18,000 Anzac biscuits for memorial


A Kiwi artist has created a tasteful, and tasty, new World War I memorial – made of biscuits.

Kingsley Baird, designer of the Tomb of the Unknown Warrior in Wellington, intends to build a memorial made of 18,000 Anzac biscuits at a museum in France next month.

These are not just any Anzacs. Baird has designed a series of cookie cutters to portray Kiwi, Aussie, French and German soldiers.

The idea may seem bizarre at first, but Baird, an associate professor of creative arts at Massey University in Wellington, said it was about the changing nature of memory.

“Memorials are often built out of stone and bronze, and with that comes a concept of memory lasting forever,” he said.

“But it doesn’t last forever.”

The memorial uses the biscuits to ask questions about how we remember the Anzacs and the other soldiers who died.

“It’s about the short-lived nature of memory.”

The sight of massed ranks of biscuit soldiers stacked in rows brings home the cost of the war. They are mass-produced, just as soldiers were churned out in World War I.

But each will be individual, just as each soldier was an individual. Some of the biscuits have limbs missing, to remember soldiers disabled in battle.

The artwork, named Tomb, is part of Baird’s stay as artist in residence at the Historial de la Grande Guerre museum in Peronne, northern France. It will be on show at the museum for eight months from April.

The biscuits will be baked in the run-up to Anzac Day by French bakers and the sculpture assembled by Baird over three weeks. It will take the shape of the Stone of Remembrance, designed by British architect Edwin Lutyens for Commonwealth war graves.

He will not use any glue or icing to hold the structure together, but said he was not worried about its stability.

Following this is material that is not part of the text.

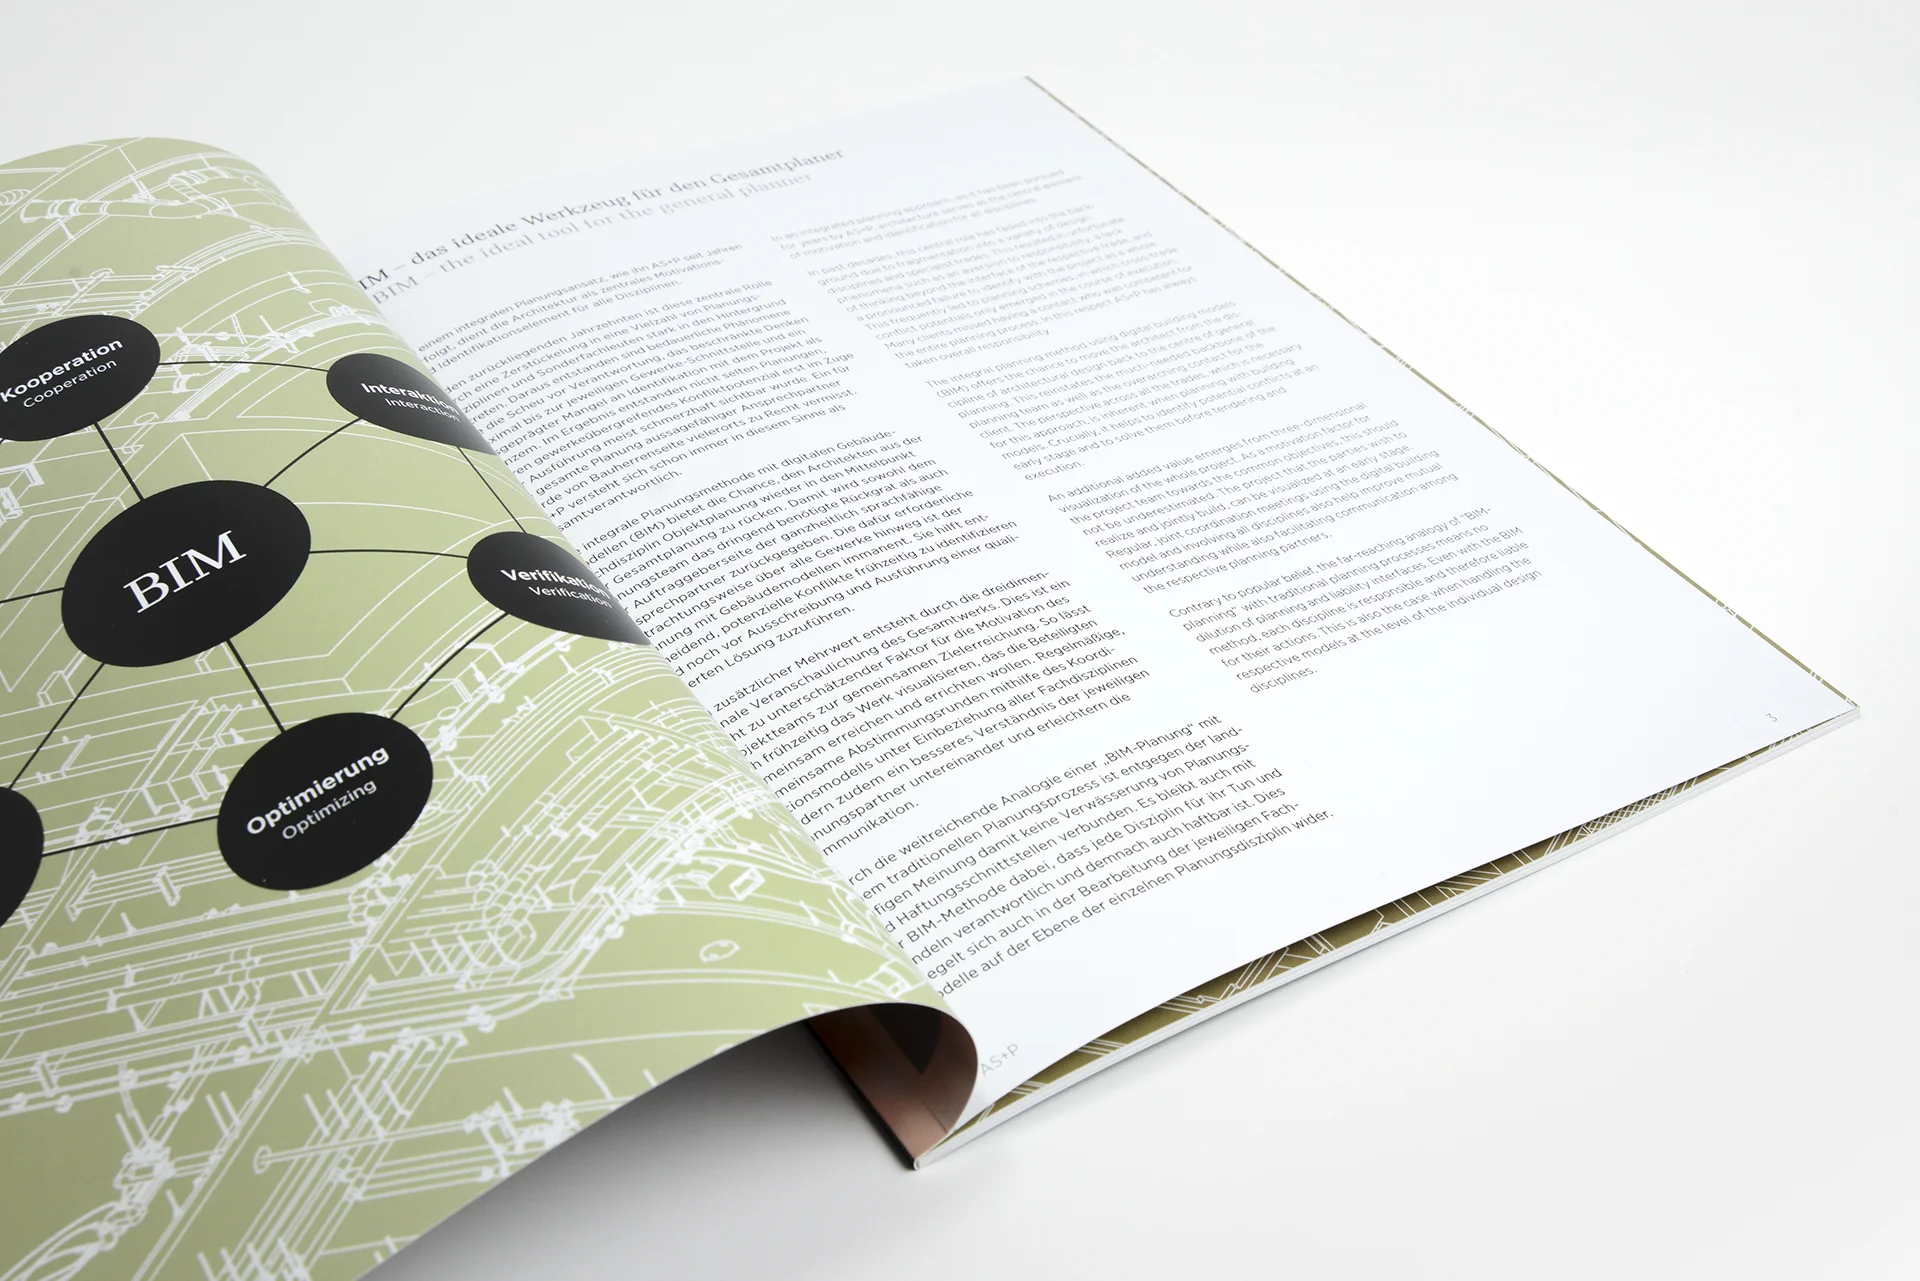 Broschüre (Editorial Design) - Intergrale Planung / Building Information Modelling - AS+P Albert Speer + Partner

“It’s always possible someone could lean on it, but it’s no different to any other fragile work of art.”

INGREDIENTS

The sculpture will use about:

120kg of plain flour

90kg of golden syrup

80kg of butter

70kg of sugar

50kg of oats

40kg of eggs

20kg of coconut

20kg of wholemeal flour

3kg of baking powder

It will cost about $6000. The biscuits will not be edible at the end of the exhibition.